Yes, I am overstating the immediate danger here a bit. DigitalGlobe has no intention of offering its service to suspicious spouses or to gumshoes on sleazy surveillance missions. Rather, the company, which managed a $1 billion IPO in June 2009, aims to sell its imaging capabilities to governments, big business, scientists, media and other heavy consumers of extremely detailed digital maps and pictures. This is big business with potentially enormous markets such as oil exploration, military operations, forestry, urban planning, and corporate intelligence. Getty Pictures, the huge photo agency, has linked up with DigitalGlobe to vend images to big media shops.

But the new constellation of DigitalGlobe birds takes Web-accessible satellite imagery to a new and unprecedented level in terms of image refresh rates and down-to-the-pixel detail. On October 5, 2009, DigitalGlobe will launch WorldView-2 from Vandenberg Air Force Base in California. If successful, the launch will increase DigitalGlobe's satellite constellation to three. The three satellites will give DigitalGlobe, ". . . the highest collection capacity – more than 1 million square kilometers per day – of high resolution earth imagery directly to customers around the world," according to company information.

A look at the color images posted on the company's site is both breathtaking and shocking in terms of the level of detail and true color snapped from so far above the Earth. They images are clearly superior to the ones we've all seen coming out of Google Earth and other online mapping programs. That these images can be refreshed every few seconds -- something that Google nor any other online map provider can presently provide -- is astounding.

Battelle, who plans to showcase the technology at his upcoming Web 2.0 Summit in October, 2009, likens the new satellites to a Web crawler for the planet, a constantly refreshing generator of digital information tagged to locations that will help us categorize movements, changes, and other useful variations in our world. His enthusiasm for a new form of geophysical Web crawler and geographical data tagging is understandable. Myriad good uses of such technology are obvious, including surveillance of rapidly changing wildfires in Los Angeles, something that DigitalGlobe did for free.

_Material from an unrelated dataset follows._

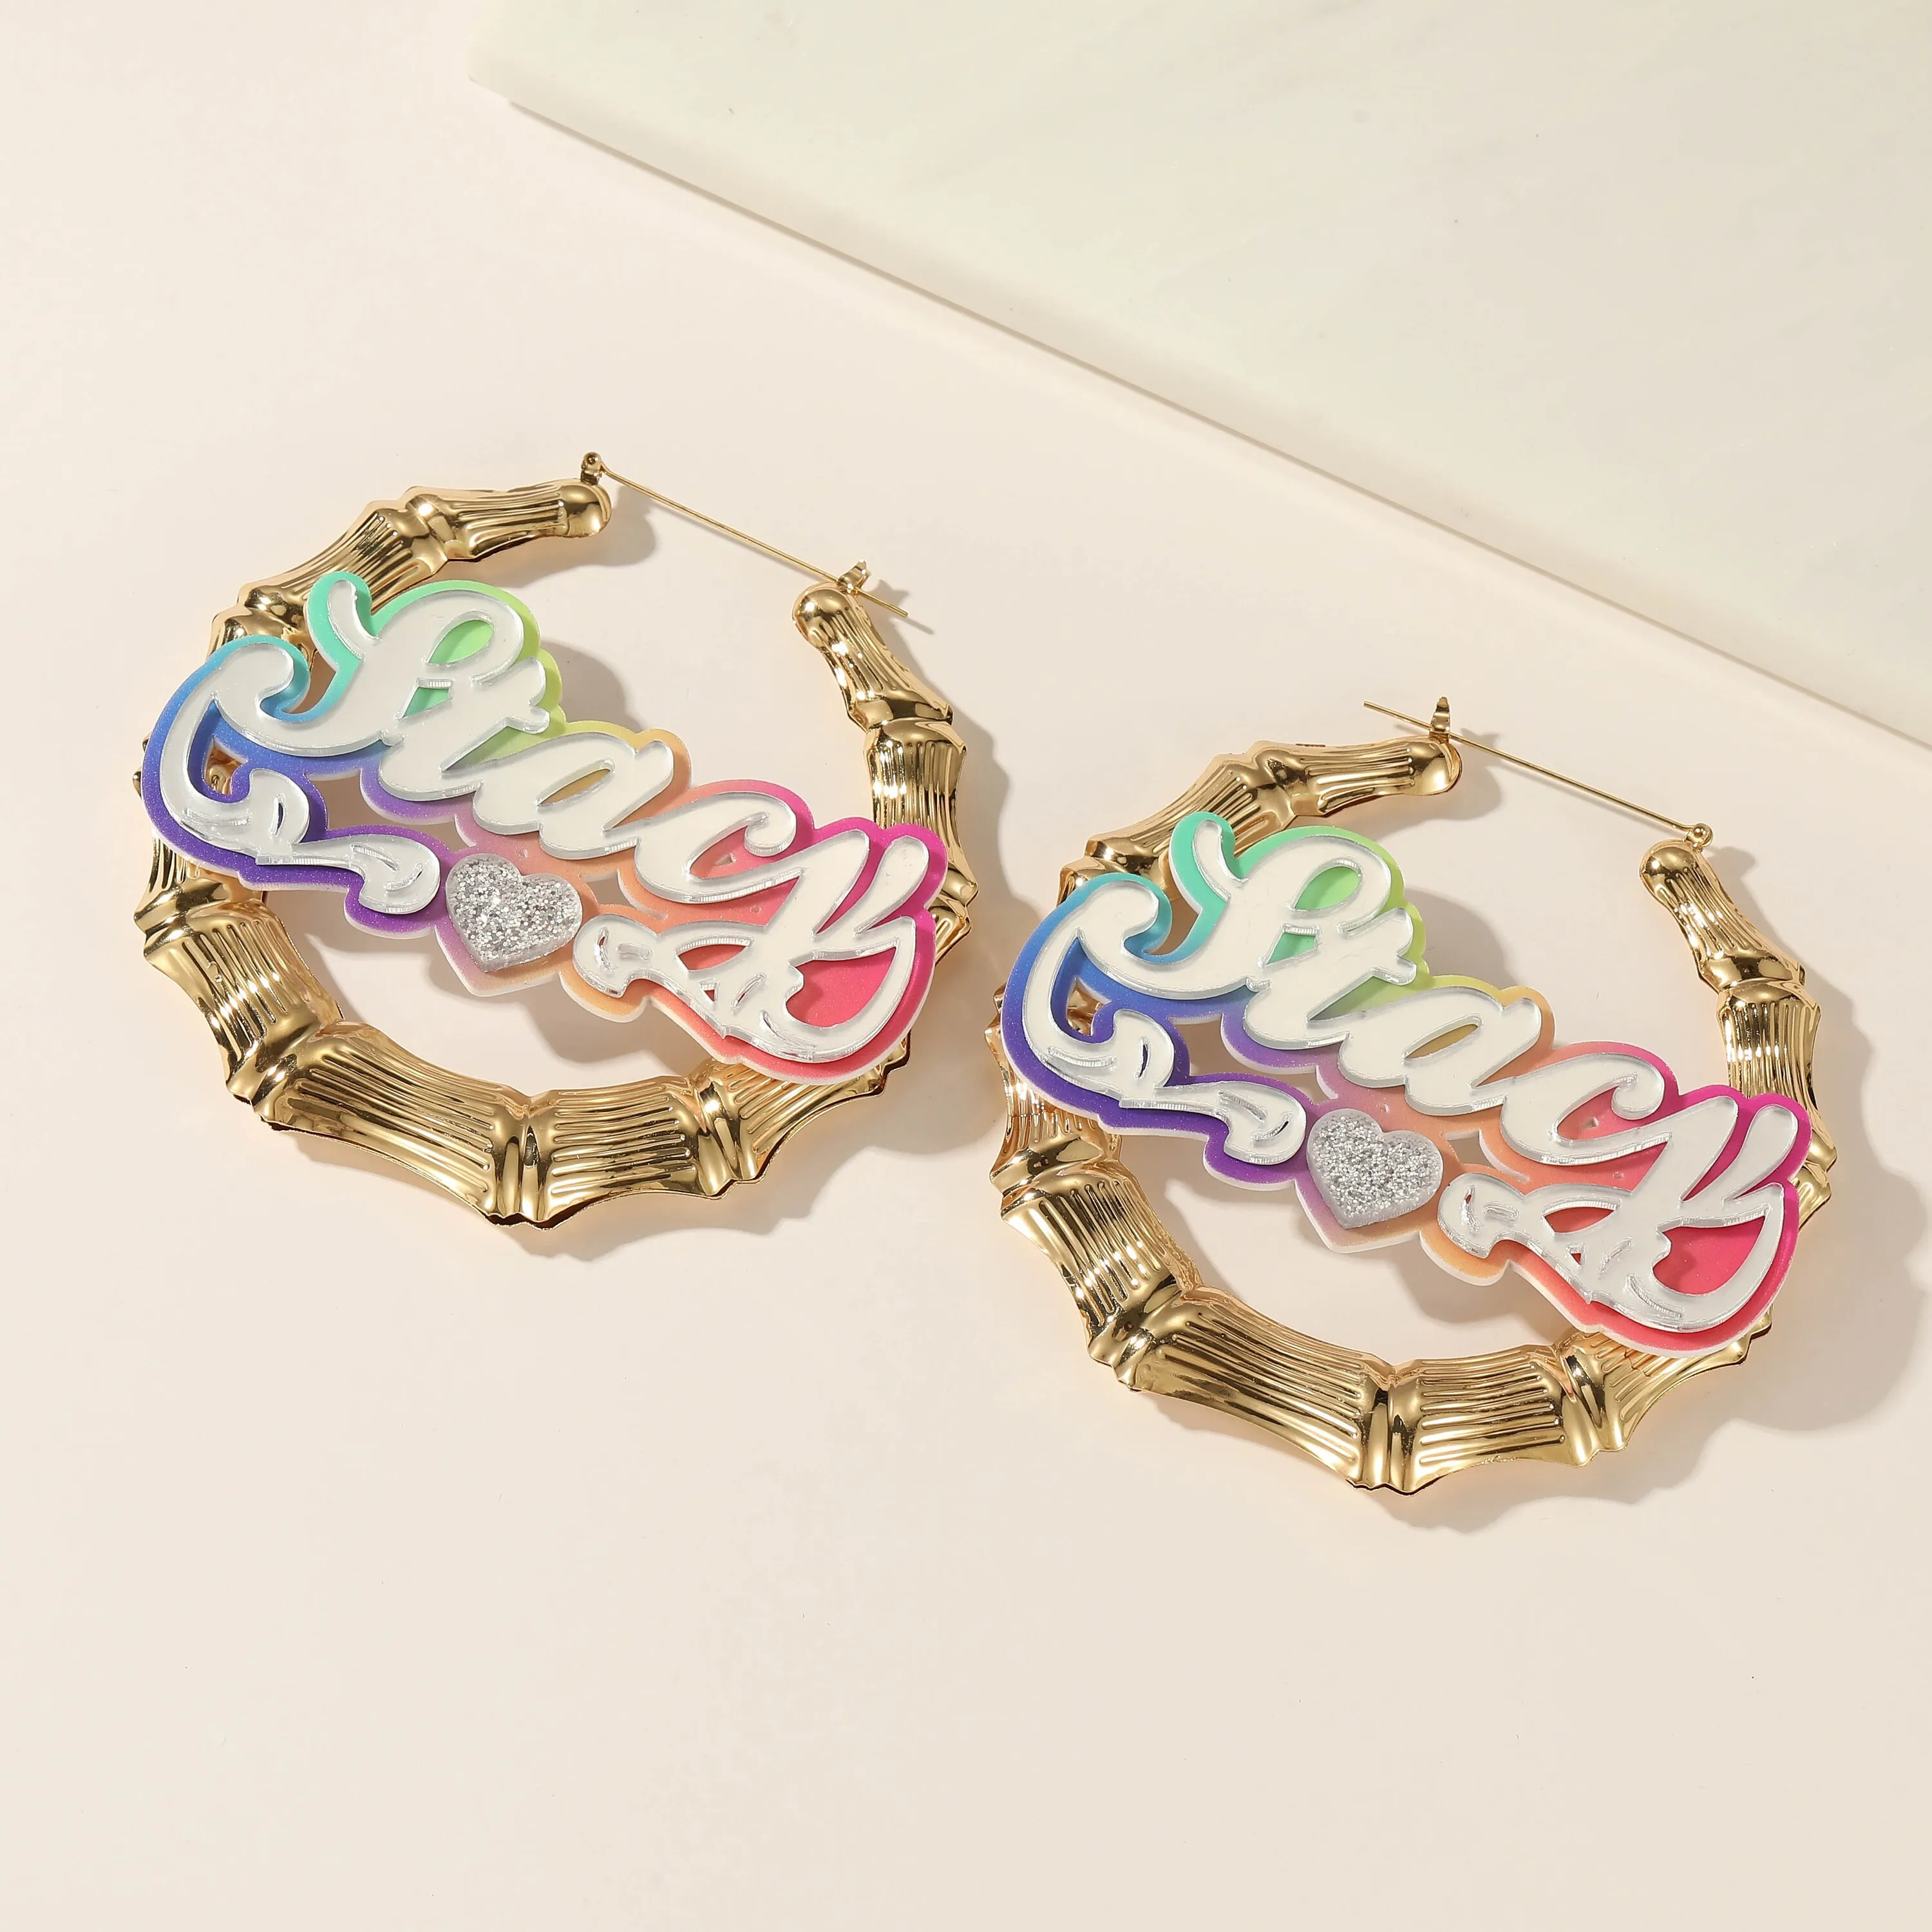 Acrylic Custom Name Earrings Stainless Bamboo Colorful Earrings Female Personality Acrylic Earrings For Women Girls Jewelry Gift jewelry organizer box storage large size transparent acrylic display case hanging necklace earrings jewelry boxes stray kids

Still, it's hard not to consider the darker side of this new found mastery of the skies and to think that we are approaching one of those before-and-after technology moments that shape the way we live.Remember, before the days of the Web crawler, no one worried about their college friends posting stupid drunken videos on YouTube the day before a big job interview. And damaging Facebook flashbacks were not even a glimmer in the mind of the most forward-thinking technophiles. But thus far humans could take a little bit of solace in the fact that offline behavior remained more or less private.

None of this is to directly fault DigitalGlobe. The company is merely following the march of technology. But these developments it makes it very easy to envision snooping on a wayward spouse via satellite in the very near future and for not too much money. Frankly, that creeps me out and I think it should creep you out, too.